Most P&C insurers across the country are at various stages of upgrading their core claims management systems. A fortunate few have already completed the journey of an information technology (IT) transformation.
From automated workflows and straight-through processing, to strategic allocation of claims resources, these 21st century claims management systems are helping companies gain a competitive edge through the use of modern technology, enhanced key performance indicators, and key performance predictors. However, for many insurance companies, the claims IT transformation journey is just beginning. Numerous challenges can exist, such as gaining C-suite support for the significant investment, unraveling complicated legacy systems, competing IT resource priorities, the complexity of researching/selecting a processing system vendor, and determining how to connect with the cloud computing evolution.
Insurers can start the journey by thinking about the business problems the organization would like to solve today, in three years, and possibly five to 10 years down the road. Although an organization may not be ready to implement a claim predictive modeling solution immediately, it is important to consider the impact that advanced analytics could have on the claims organization and the claims handling process in the future. As analytical capabilities grow and continue to be adopted, market forces and competition will likely make predictive modeling table stakes on the claims side.
It is important to fully vet and understand the analytic horse power of the organization today, and where the organization would like to be in the future. The same current state and future state gap analysis should be performed on data collection; the metrics monitored and claim handling processes. A clear vision helps lay a foundation for analytics early on in the technology integration process. This is especially important as the most effective time for planning and design is at the start of the transformational process.

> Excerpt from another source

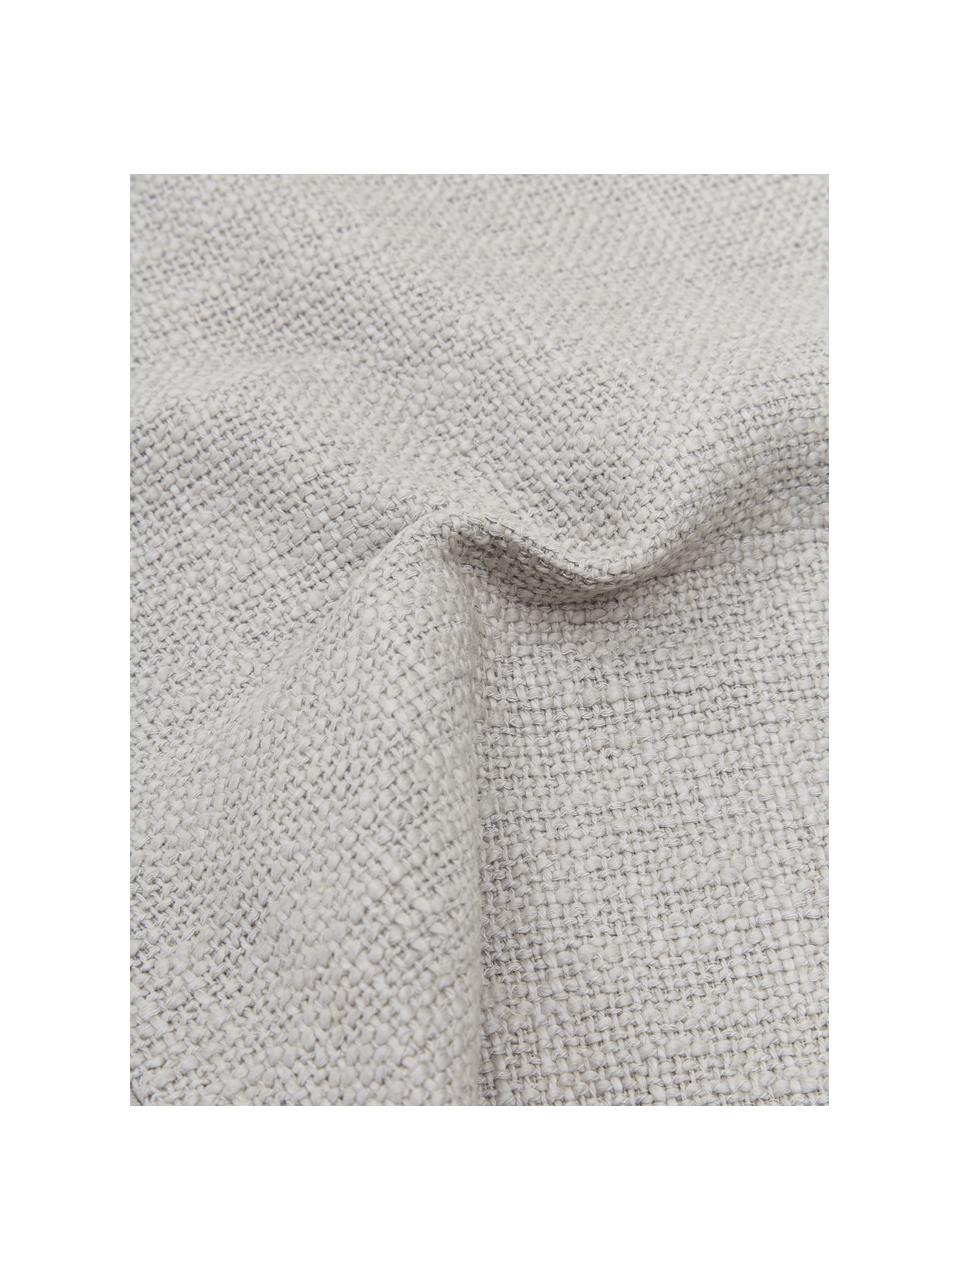 Kissenhülle Anise in Grau, 100% Baumwolle, Grau, B 30 x L 50 cm

Done effectively, analytics can have a game changing impact on various aspects of the claims lifecycle: claims assignment, special investigative unit (SIU) referral, medical case management, litigation, subrogation, escalation and, ultimately, claim settlement.
These questions should be considered during pre-planning and integration design for a new claims management solution, which will typically be able to invoke business rules based on captured data and in part, further facilitate claims management capabilities.

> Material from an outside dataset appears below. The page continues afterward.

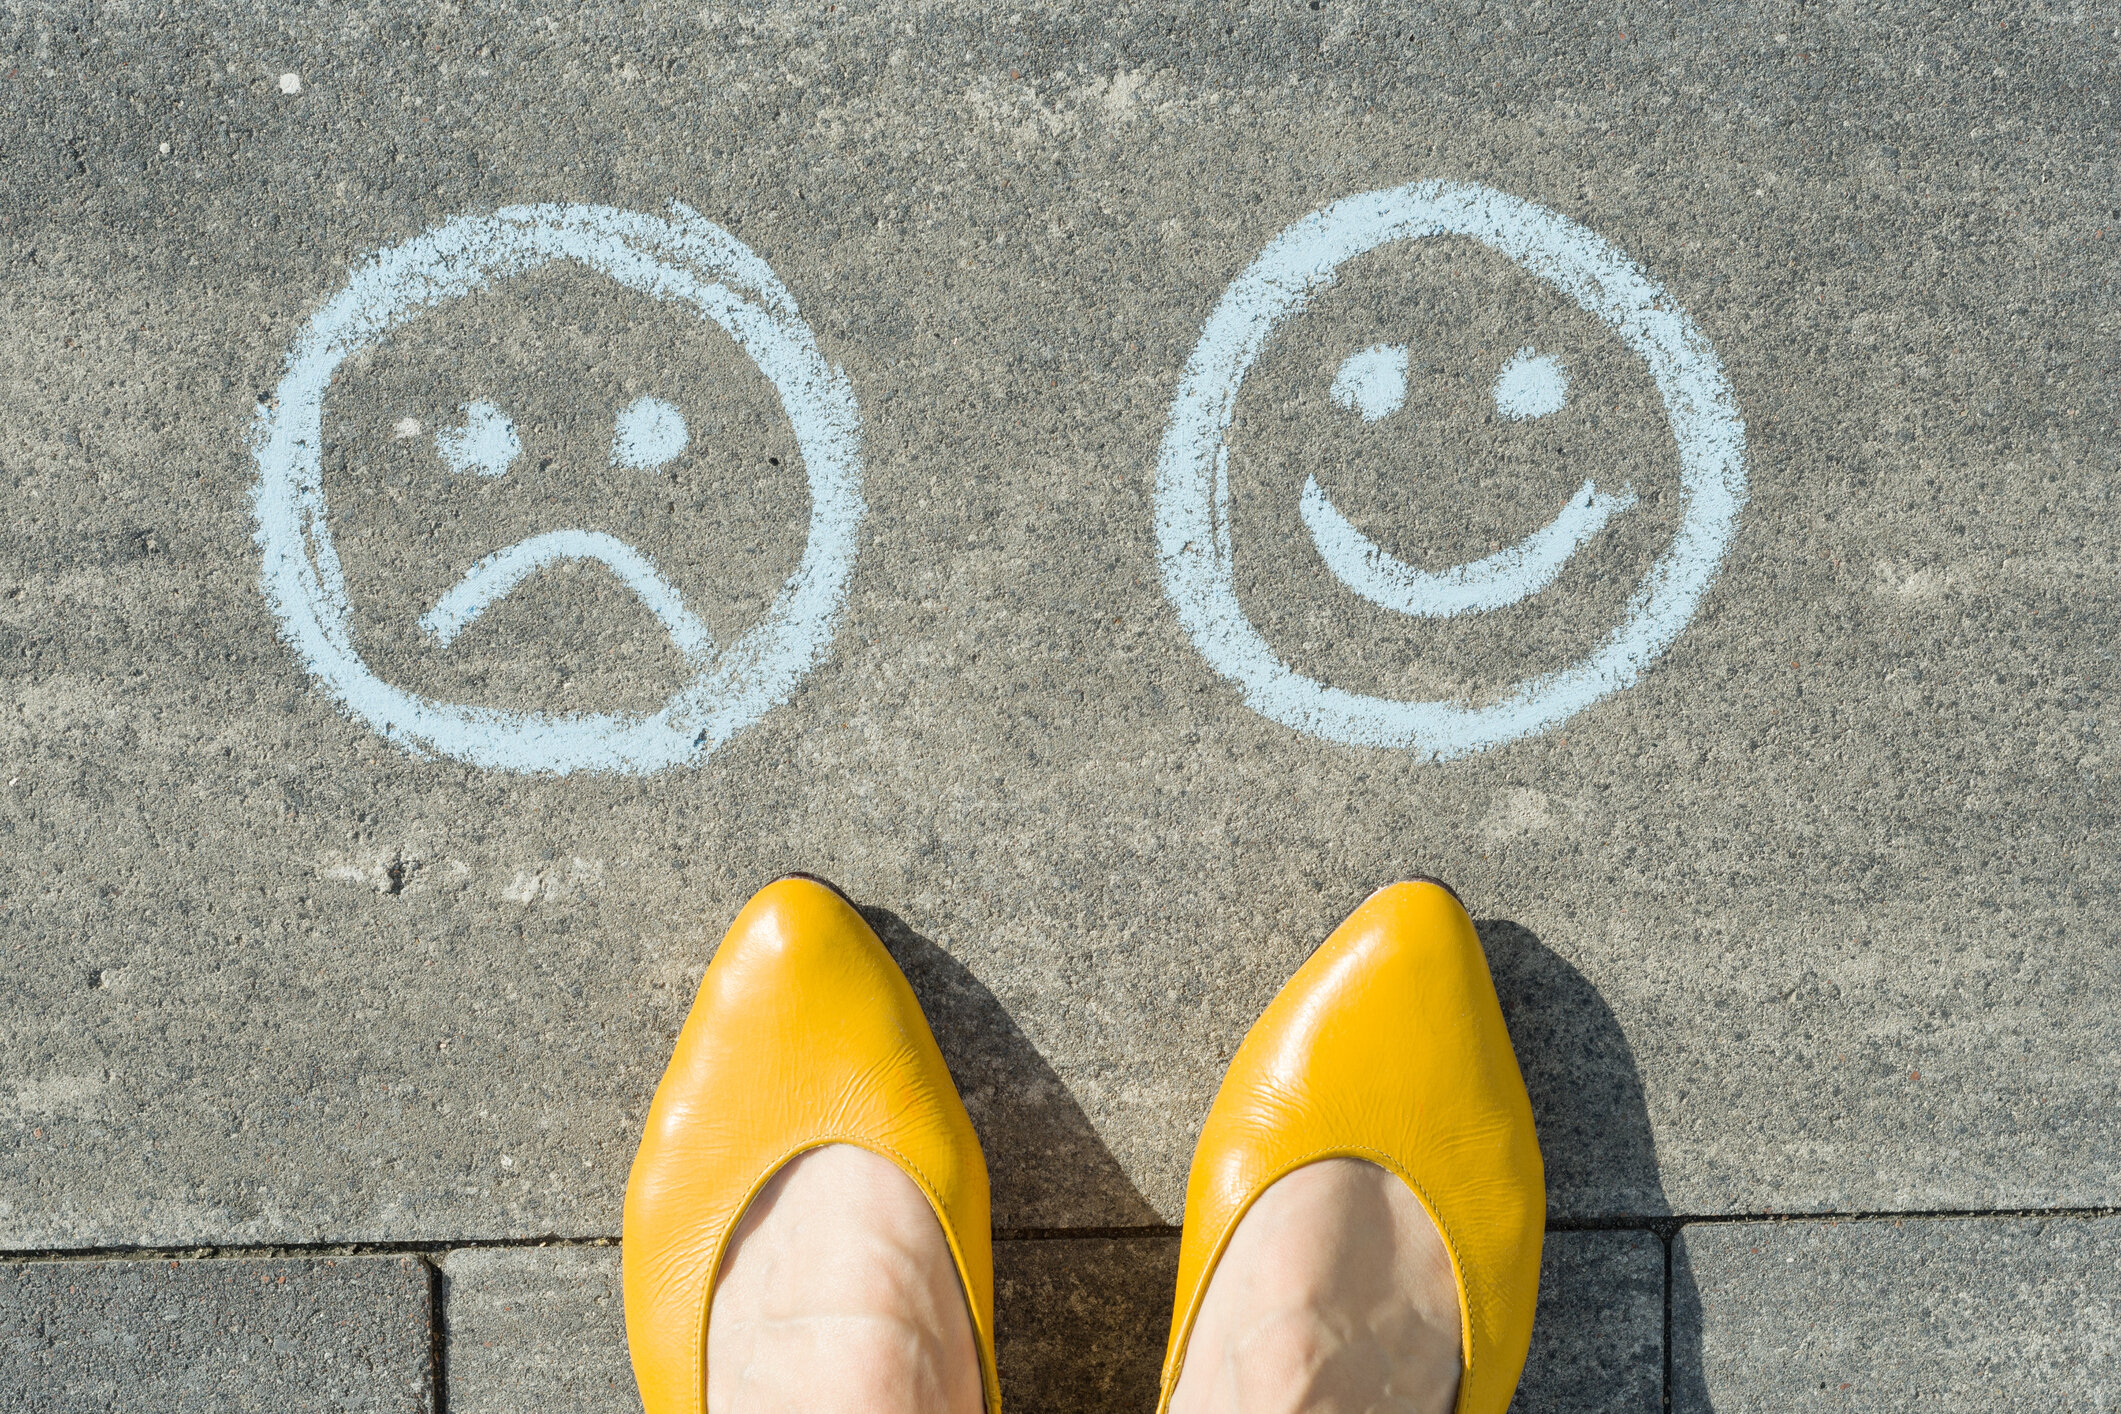 Choice - Happy Smileys or Unhappy, text on asphalt road.

It is imperative to consider how data will be used while designing the future state operating model and claims business processes. The good news is claims organizations already have much of the data they need to begin building effective claim predictive models. Deloitte’s model building experience to date suggests that up to three quarters of good predictive variables come from internal insurance company data. The remaining predictive variables come from a number of external data sources.

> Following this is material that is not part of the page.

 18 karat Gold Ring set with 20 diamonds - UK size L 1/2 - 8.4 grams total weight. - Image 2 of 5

By capturing a few more demonstrated data fields and integrating this information into models sooner rather than later, a model can provide greater predictive power by leveraging 50 to 100 variables taken from background information about the employee/claimant, the injury, external public databases, medical data and other external sources. In the end, predictive models can essentially act as decision support “eye glasses” for the claims adjuster’s mind.
As recently as three to four years ago, the notion of advanced claims analytics was largely conceptual in nature. Most claims organizations were considering internal analytics and performing core legacy technology replacement as separate and distinct business initiatives. Unfortunately, a number of companies weren’t effectively approaching the opportunity as an integrated program or portfolio of projects. When contemplating analytics enablement, some were primarily using core claims or basic claims data as the primary input variables for establishing basic routing guidance and business rules. At the time, this helped these companies build basic analytic capabilities, but likely left them short of where they should be to take full advantage of predictive modeling.